I would like to know what u think about it ?

Is it better to keep this for lean bulk or can i go straight in weight loss with around 500cals less than my normal range.. 

 I never really try this kind of diete ... 

How much low i can go to keep my diet healty ? 0.25gr per lbs seem to be the way to go is it right ? Ive read my fat intake should be 20% of my maintenance calories level thats mean 440cals for me ...


----------



## FitnessSage (Mar 2, 2014)

Low nothing is good, I think, while you should lower you general calorie income, when it comes to macronutrients you should go for natural balance, maybe even lower carbs instead of fats. It's all about the quality of fats, too, if you eat them in form of fast foods, well, do lower that. With healthy fats like from fish or nuts there's less to worry about.


----------



## Kenny Croxdale (Mar 4, 2014)

Cedric Beaudoin said:


> I would like to know what u think about it ?
> 
> Is it better to keep this for lean bulk or can i go straight in weight loss with around 500cals less than my normal range..
> 
> ...



*Low Fat Diet*

This is a great way to lower you testosterone and decrease muscle mass...if that is what you want. 

Saturated Fats and Cholesterol

These fats are necessary for testosterone production. 

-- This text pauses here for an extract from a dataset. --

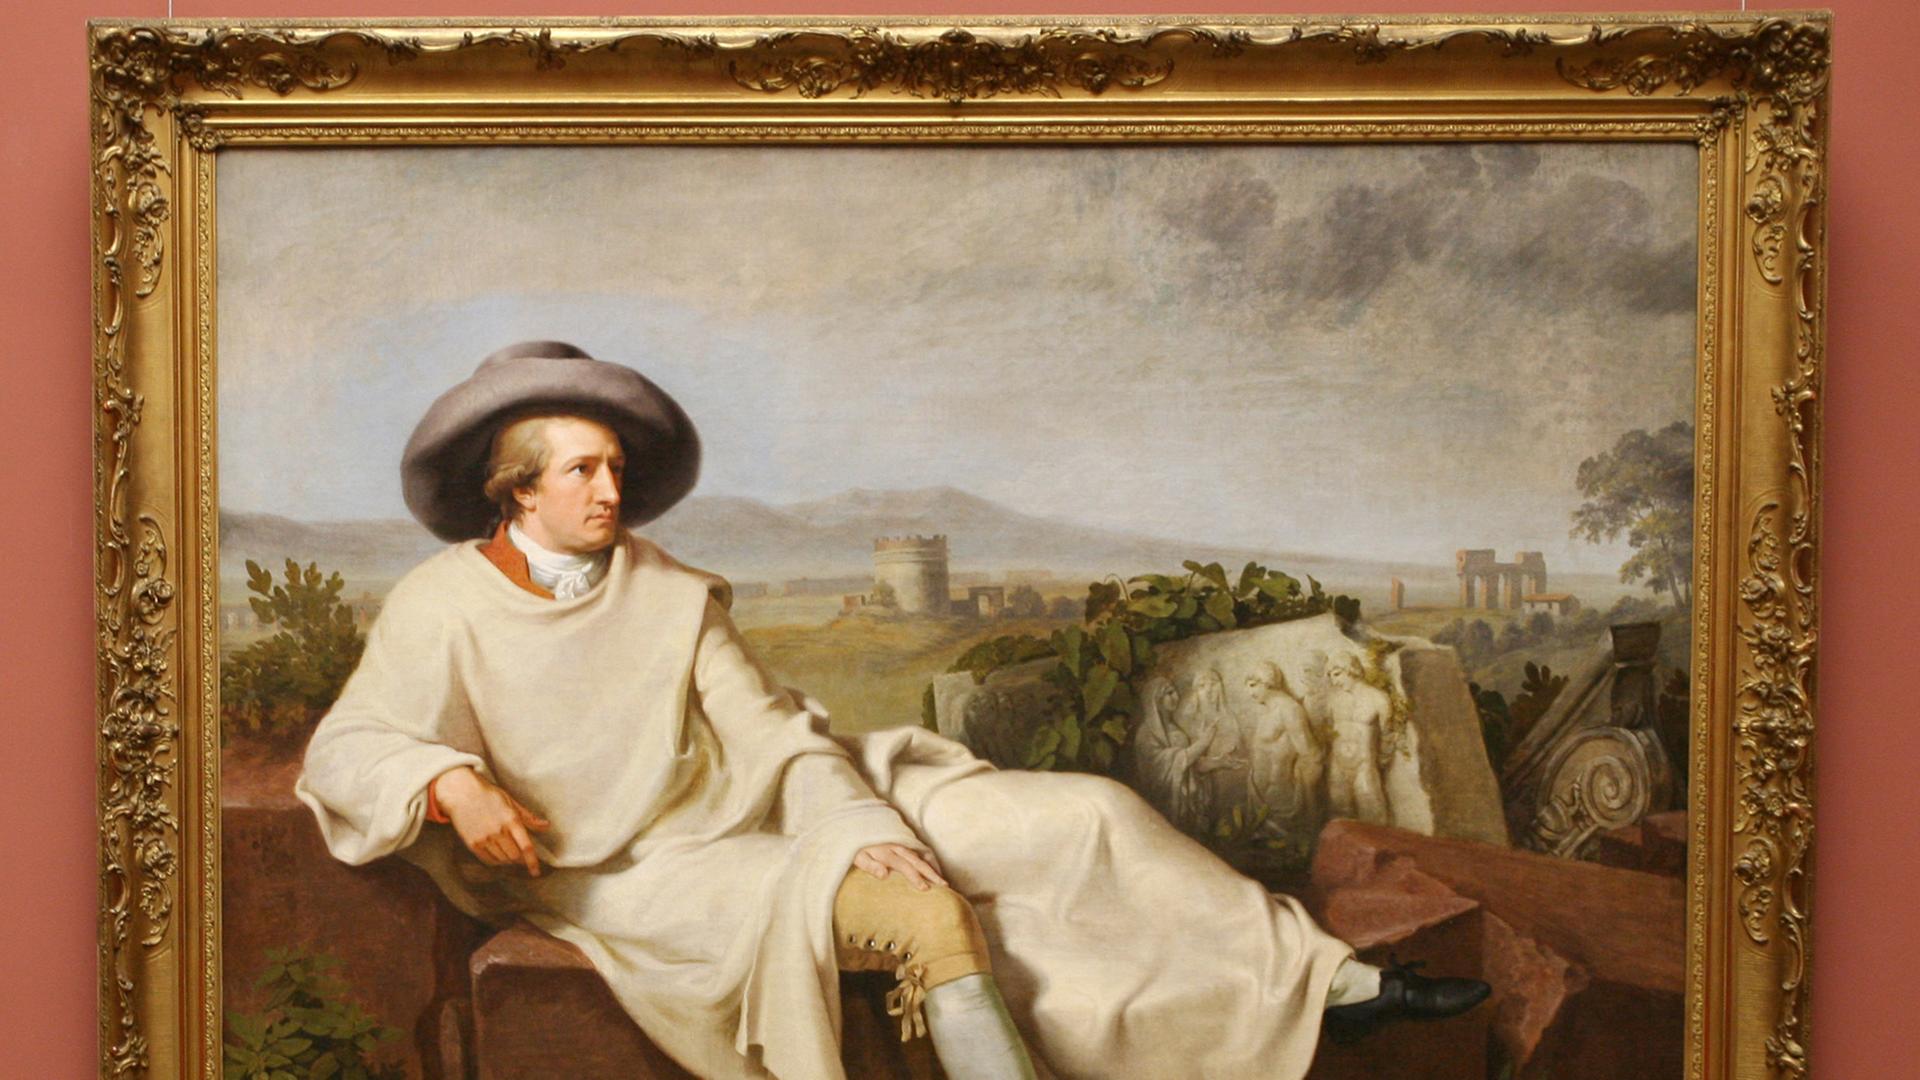 Auf dem Bild "Goethe in der römischen Campagna" von Johann Heinrich Wilhelm Tischbein liegt Goethe hingebettet vor einer italienischen Landschaft

Thus, low fat diets decrease testosterone production which decreases muscle. mass. 

Kenny Croxdale


----------



## xtrmprodigy (Mar 4, 2014)

I live low fat diets. They work amazing and my body responds very well. If you are enhanced then I think its a great way to eat


----------



## dave 236 (Mar 4, 2014)

Low fat=low testosterone and other specific  hormones.  There is no debating this it is fact.  

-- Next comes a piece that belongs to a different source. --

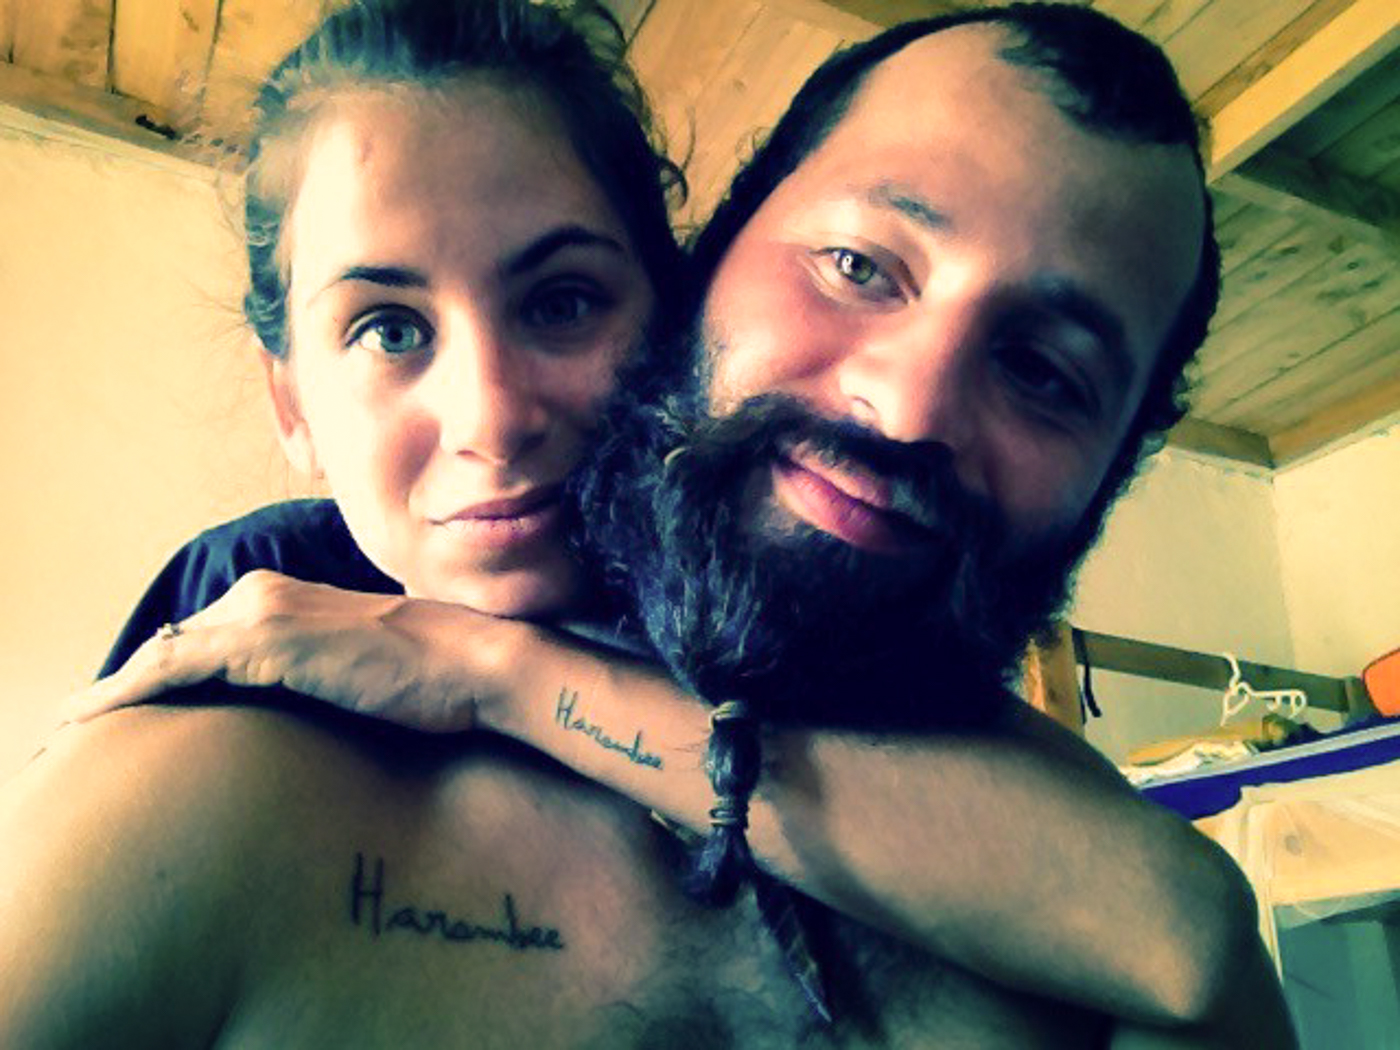 Tiago e Fernanda com a tatuagem do Harambee

Sent from my DROID RAZR HD using Tapatalk


----------



## xtrmprodigy (Mar 4, 2014)

If I am enhanced so I need to worry about my body producing testosterone? I said for an enhanced athlete


----------



## Kenny Croxdale (Mar 4, 2014)

xtrmprodigy said:


> If I am enhanced so I need to worry about my body producing testosterone? I said for an enhanced athlete



You are one of the Village idiots...every village has them.

Kenny Croxdale


----------



## theCaptn' (Mar 4, 2014)

xtrmprodigy said:


> I live low fat diets. They work amazing and my body responds very well. If you are enhanced then I think its a great way to eat



They can work, but they're not healthy. 

My diet is up to 75% fats now and I look and feel great!


----------



## xtrmprodigy (Mar 4, 2014)

Kenny Croxdale said:


> You are one of the Village idiots...every village has them.
> 
> Kenny Croxdale



Wow you really stuck it to me. How ever since I look good feel good and am competitive on stage I think you only stuck your foot in your mouth.


----------



## theCaptn' (Mar 4, 2014)

xtrmprodigy said:


> Wow you really stuck it to me. How ever since I look good feel good and am competitive on stage I think you only stuck your foot in your mouth.



Got some pics?


----------



## xtrmprodigy (Mar 4, 2014)

I'm not gonna post pics but EOD can vouch for how I look. I have nothing to prove to anyone other than stating my opinion and i was attacked personally.


----------



## theCaptn' (Mar 4, 2014)

xtrmprodigy said:


> I'm not gonna post pics but EOD can vouch for how I look. I have nothing to prove to anyone other than stating my opinion and i was attacked personally.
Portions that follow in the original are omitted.